**YOUR INSTRUCTIONS**
Make an exact copy of all the data, pictures excluded.

**DATA EXCERPT**

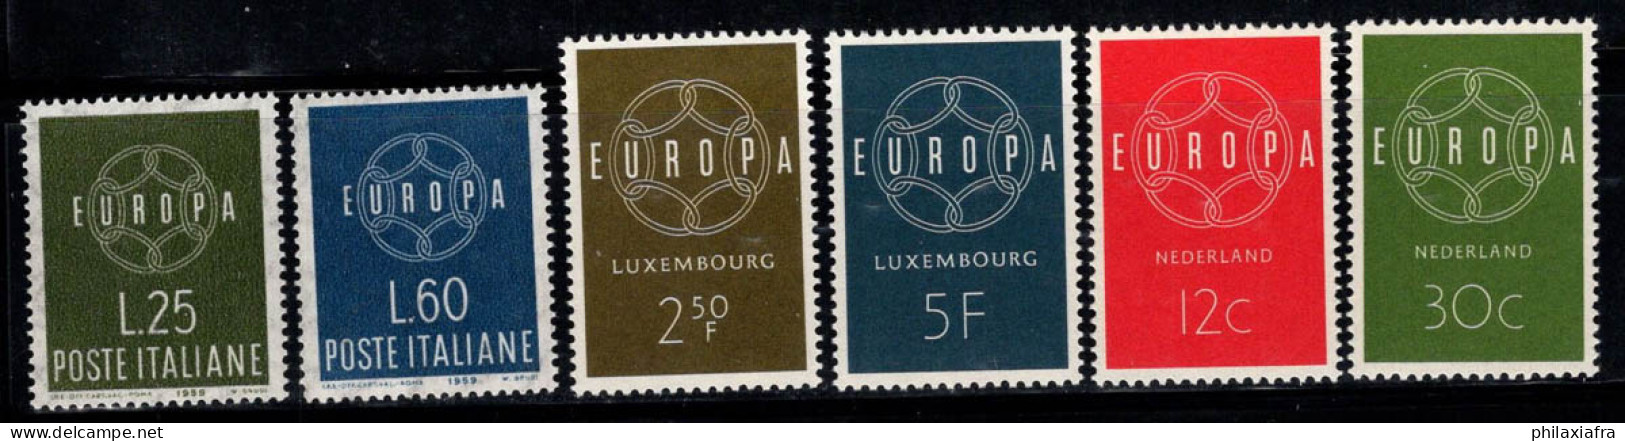 Europe CEPT 1959 Neuf ** 100% Luxembourg, Italie - 1959
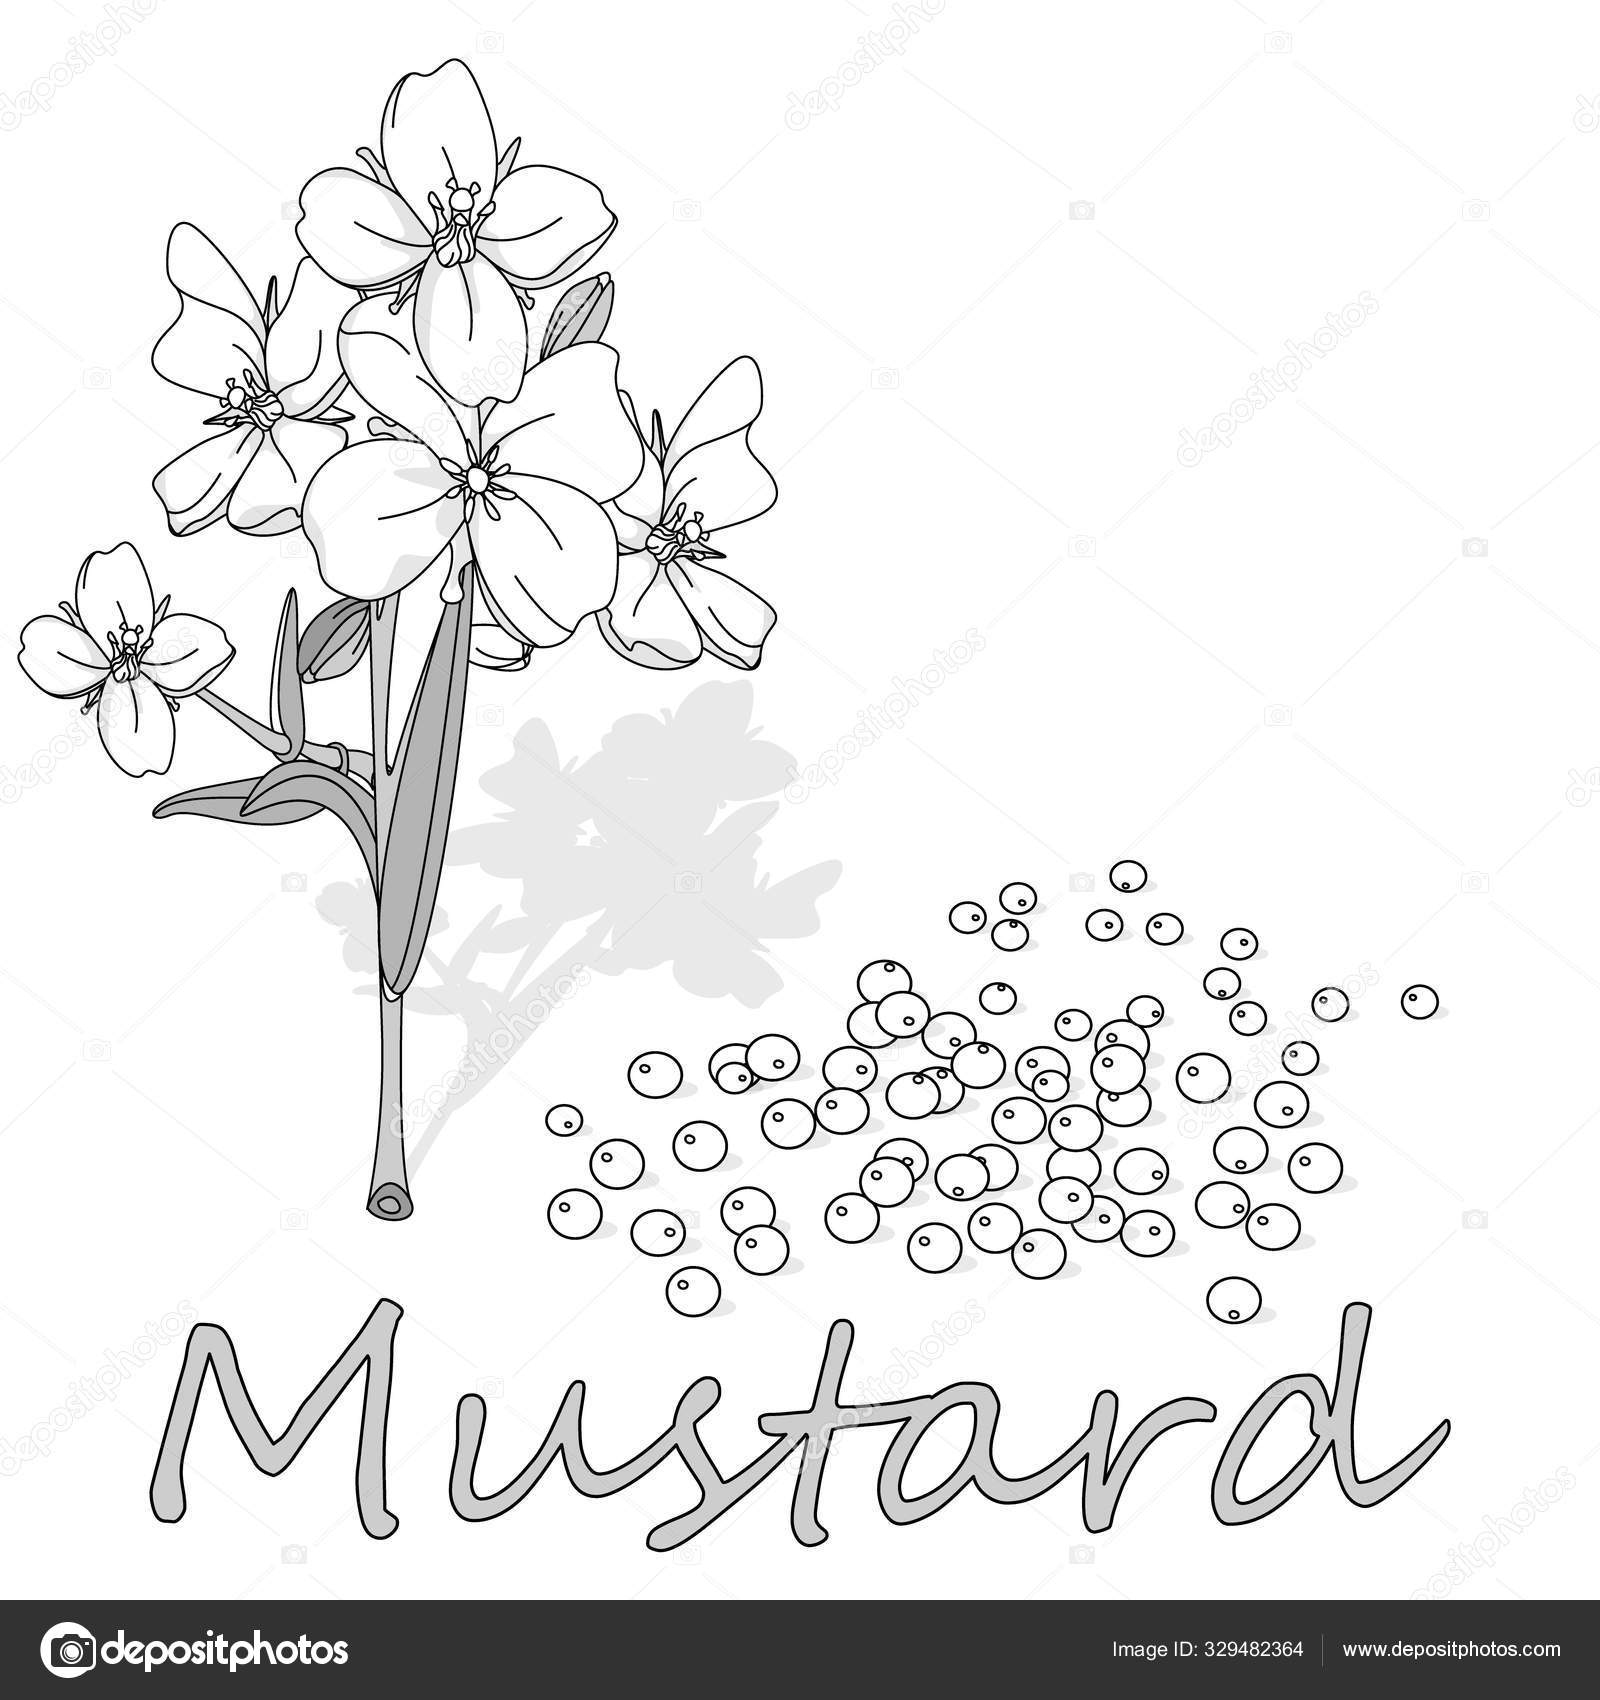 Wild mustard – Identifying Noxious Weeds of Ohio
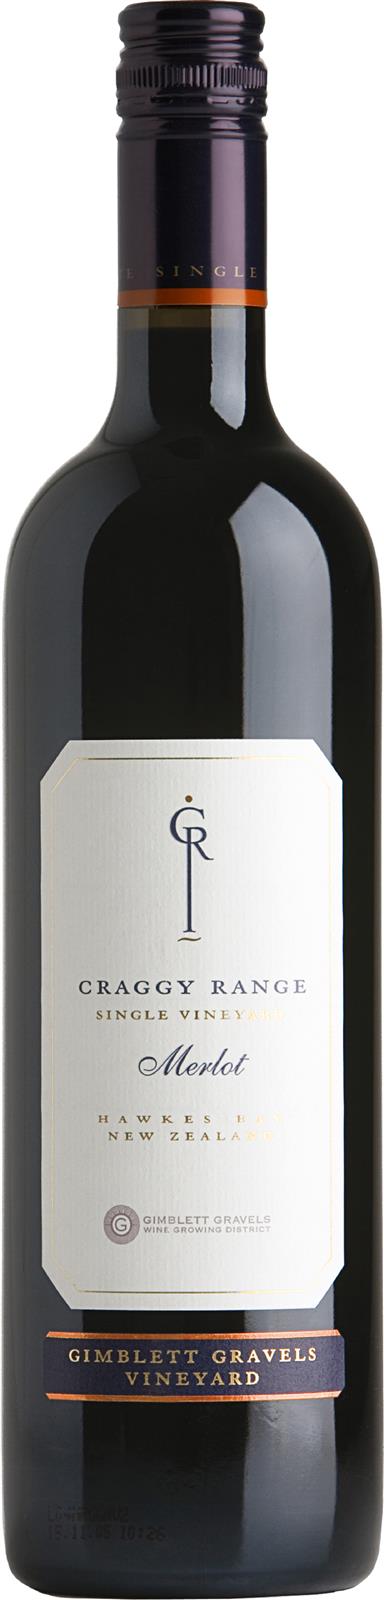 Craggy Range Single Vineyard Gimblett Gravels Vineyard Hawkes Bay Merlot 2016

**ANSWER BELOW**
 Europe CEPT 1959 Neuf ** 100% Luxembourg, Italie - 1959
 Wild mustard – Identifying Noxious Weeds of Ohio
 Craggy Range Single Vineyard Gimblett Gravels Vineyard Hawkes Bay Merlot 2016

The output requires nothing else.